**Instructions for the task:** Find the line below with "Психология голода: шесть" and the line with "Dịch vụ in thiệp mời giá rẻ tại Hà Nội". Output exactly those lines and everything between them, leaving out the pictures.

[Records provided]

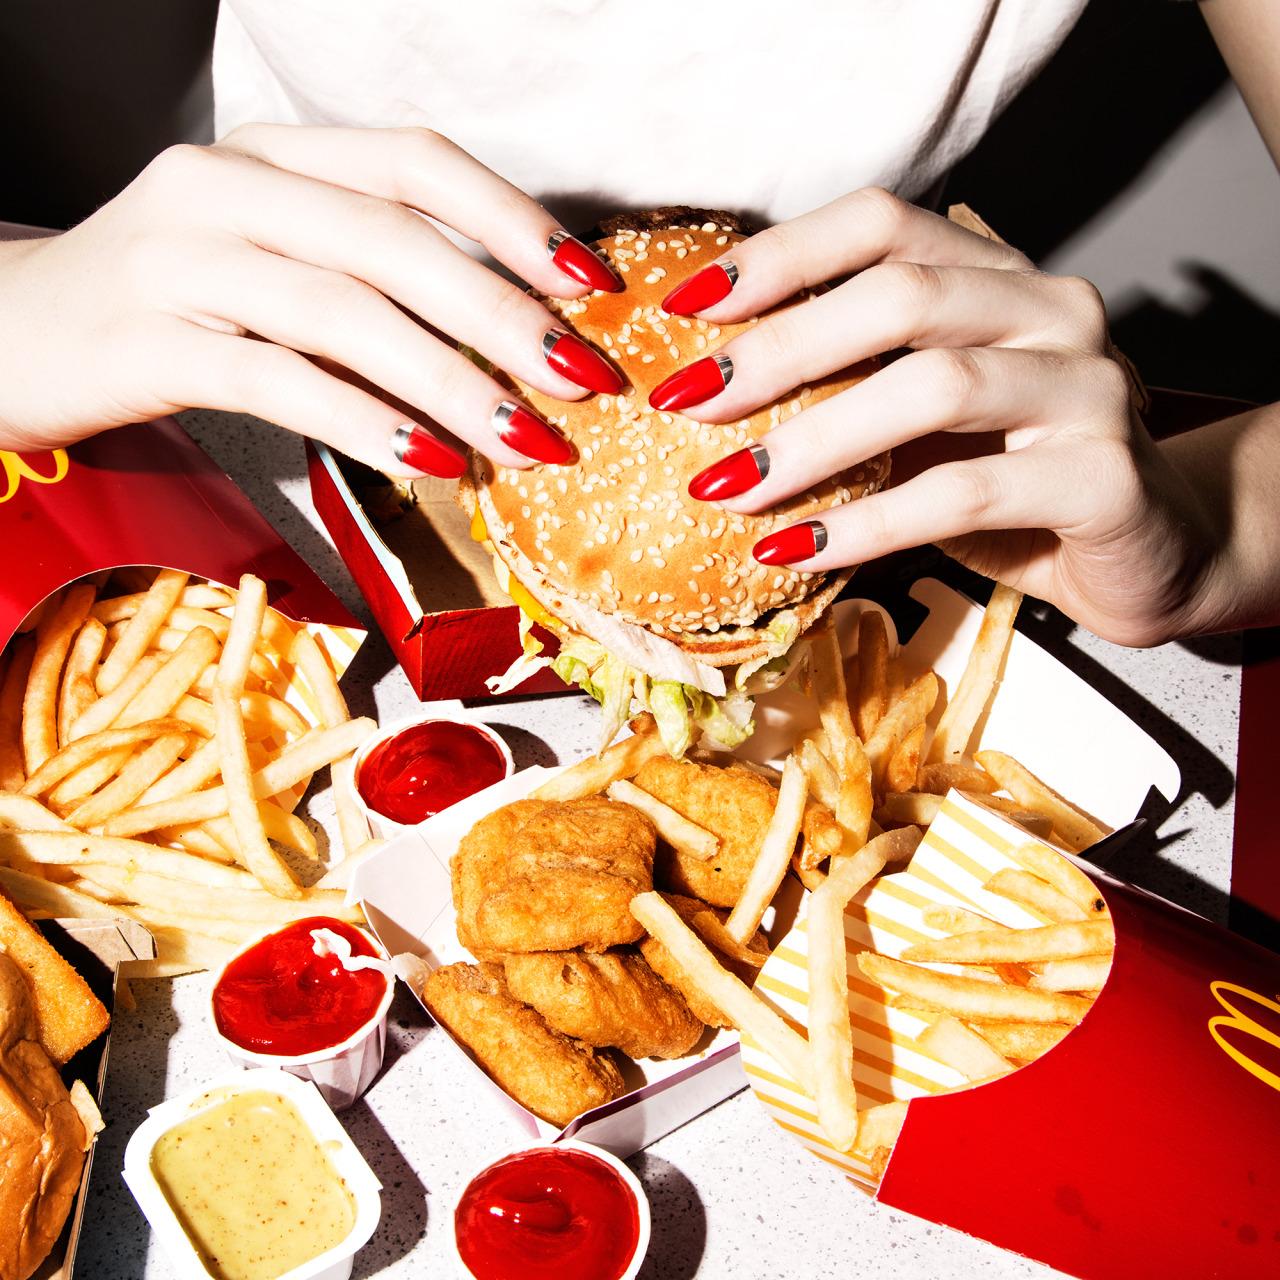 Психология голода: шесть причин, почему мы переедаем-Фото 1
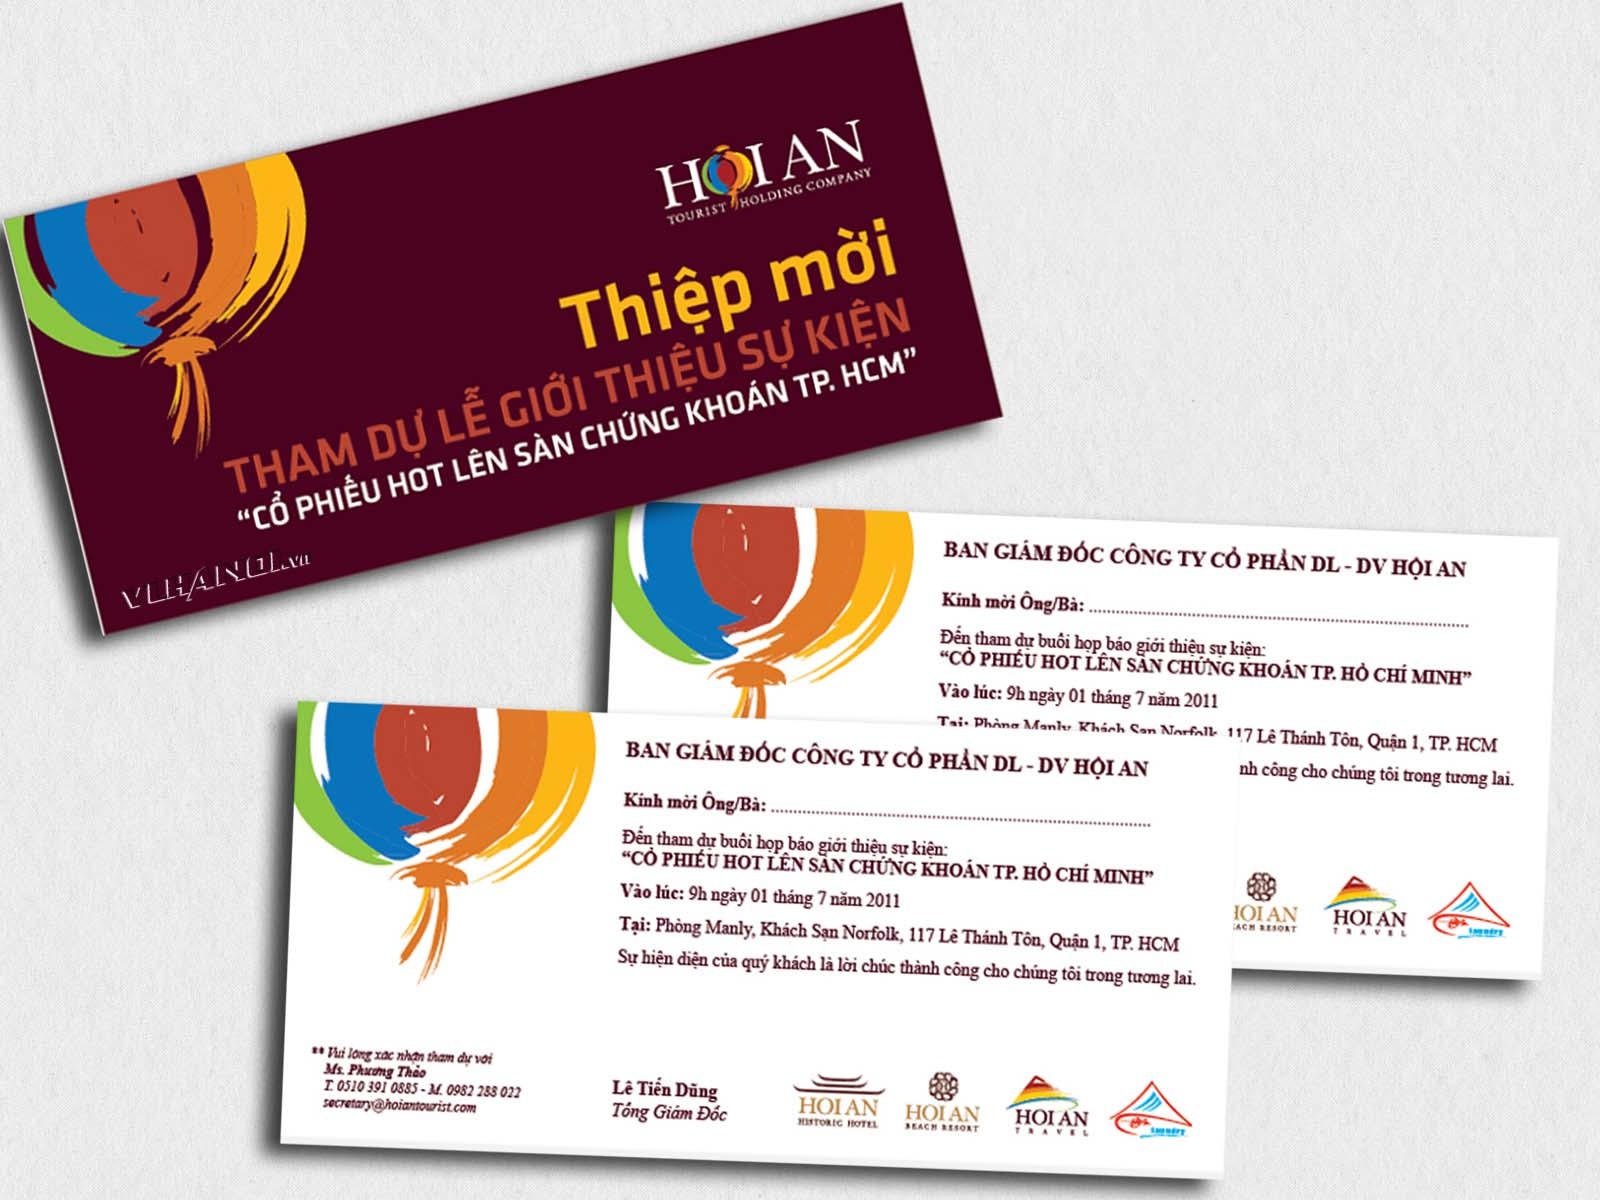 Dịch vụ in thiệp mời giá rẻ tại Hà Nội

[/Records provided]
[Records provided]

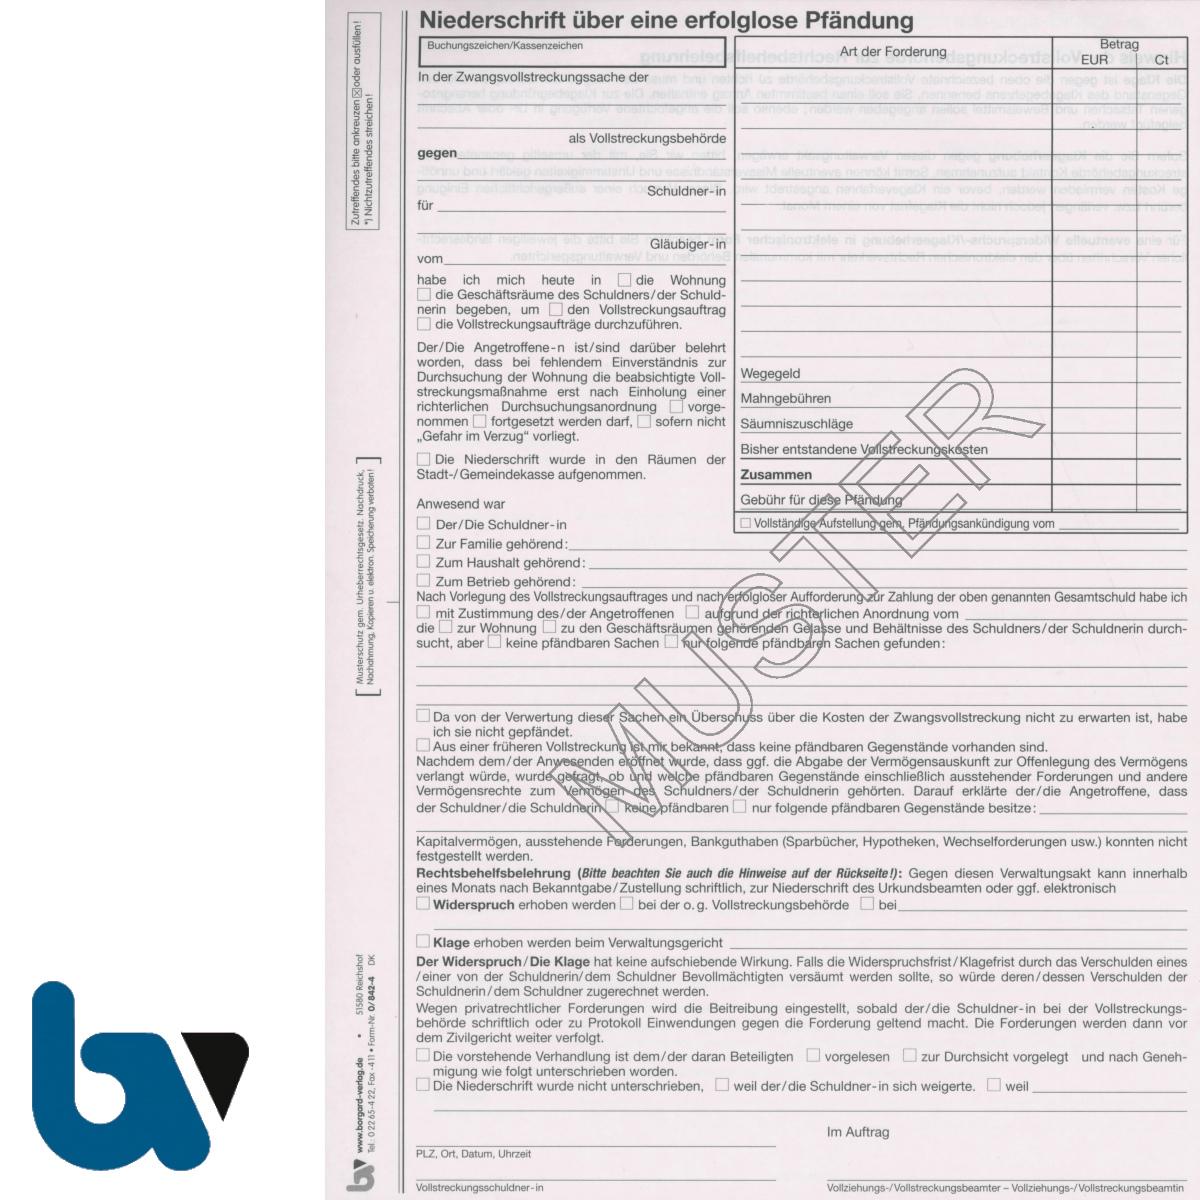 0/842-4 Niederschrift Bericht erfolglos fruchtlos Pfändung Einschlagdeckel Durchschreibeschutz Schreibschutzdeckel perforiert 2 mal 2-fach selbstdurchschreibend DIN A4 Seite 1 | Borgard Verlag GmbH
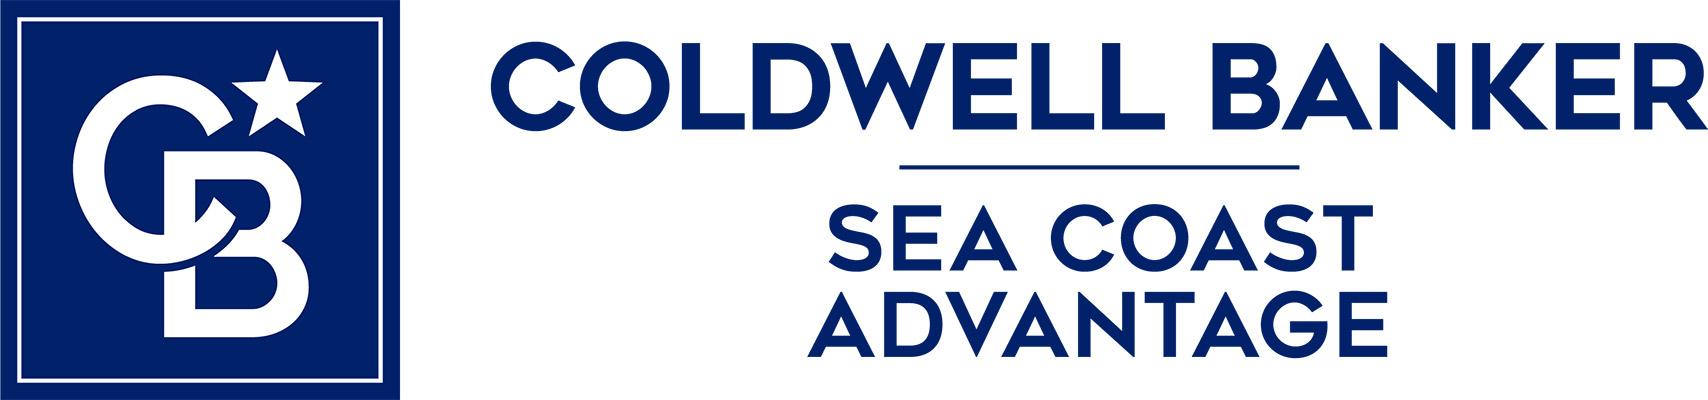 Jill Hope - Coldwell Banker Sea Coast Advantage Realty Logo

[/Records provided]
[Records provided]

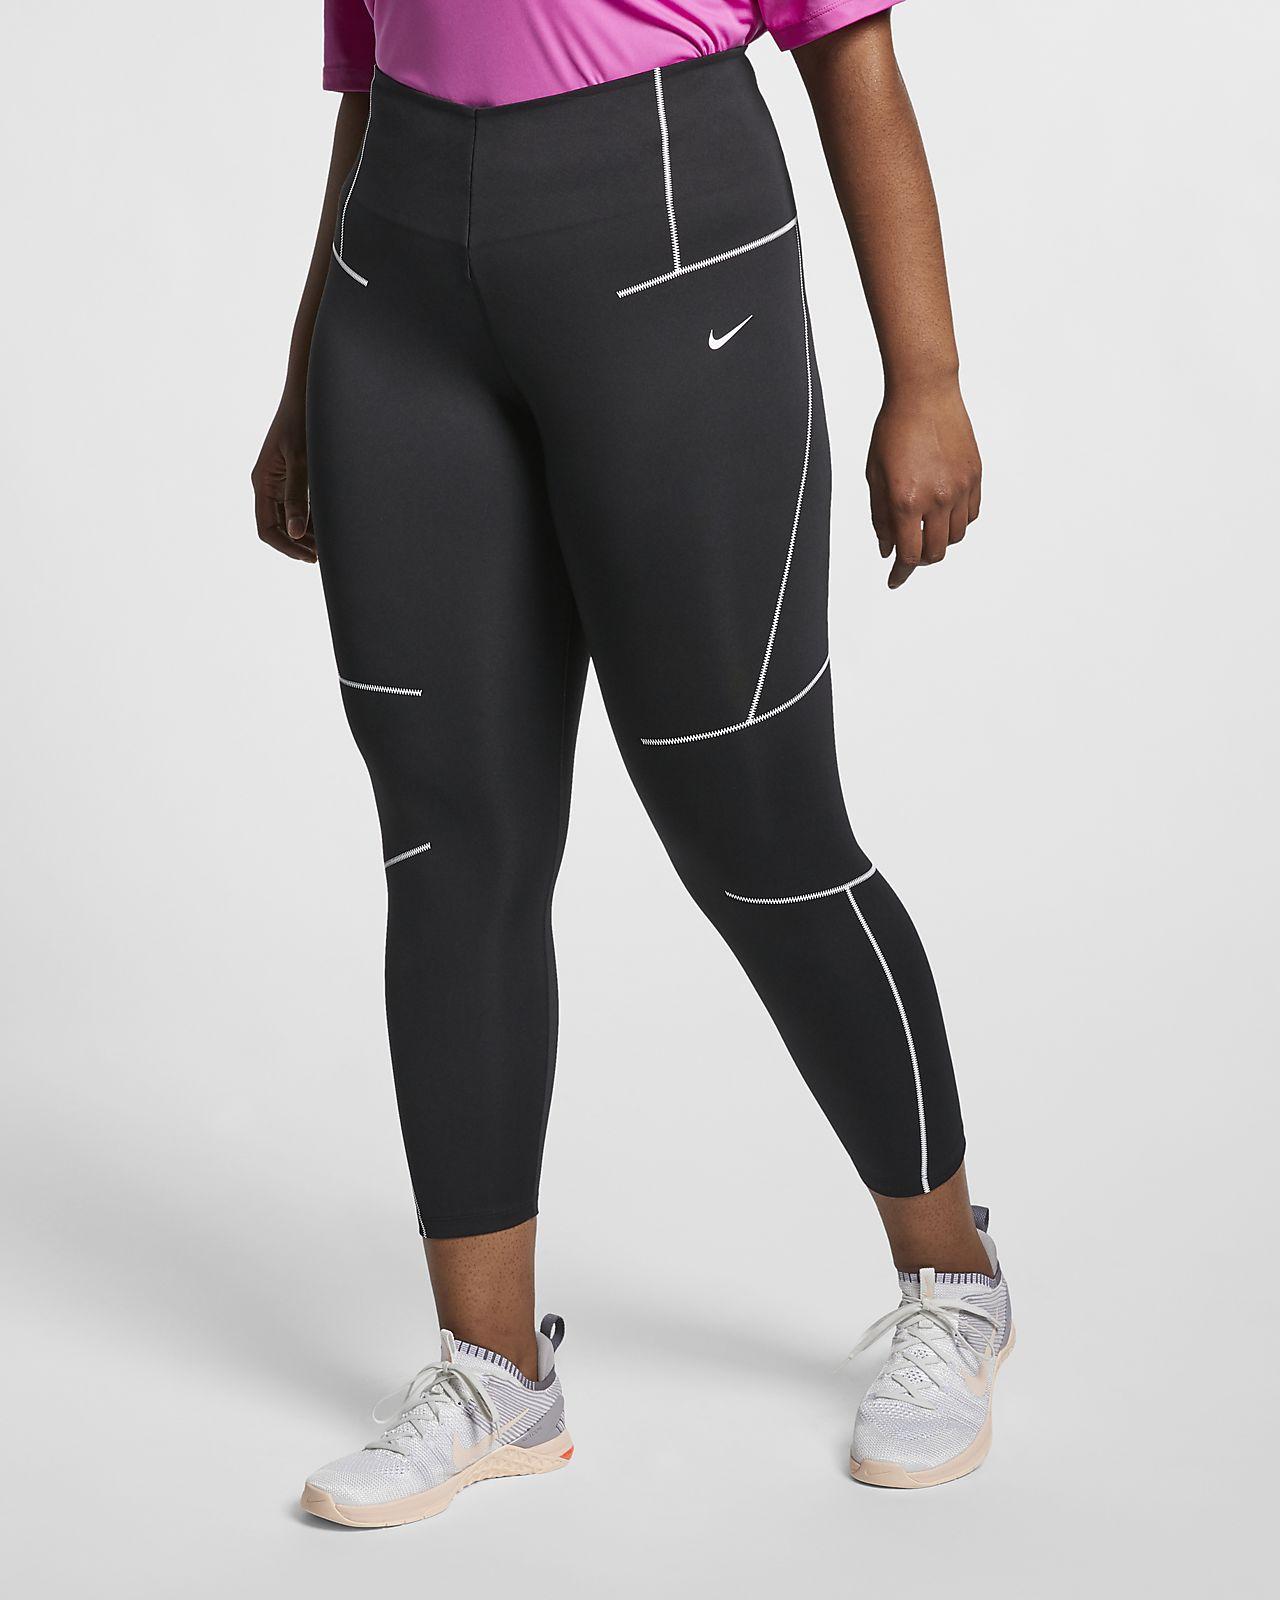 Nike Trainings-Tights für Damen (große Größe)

[/Records provided]

**Answer area:**
 Психология голода: шесть причин, почему мы переедаем-Фото 1
 Dịch vụ in thiệp mời giá rẻ tại Hà Nội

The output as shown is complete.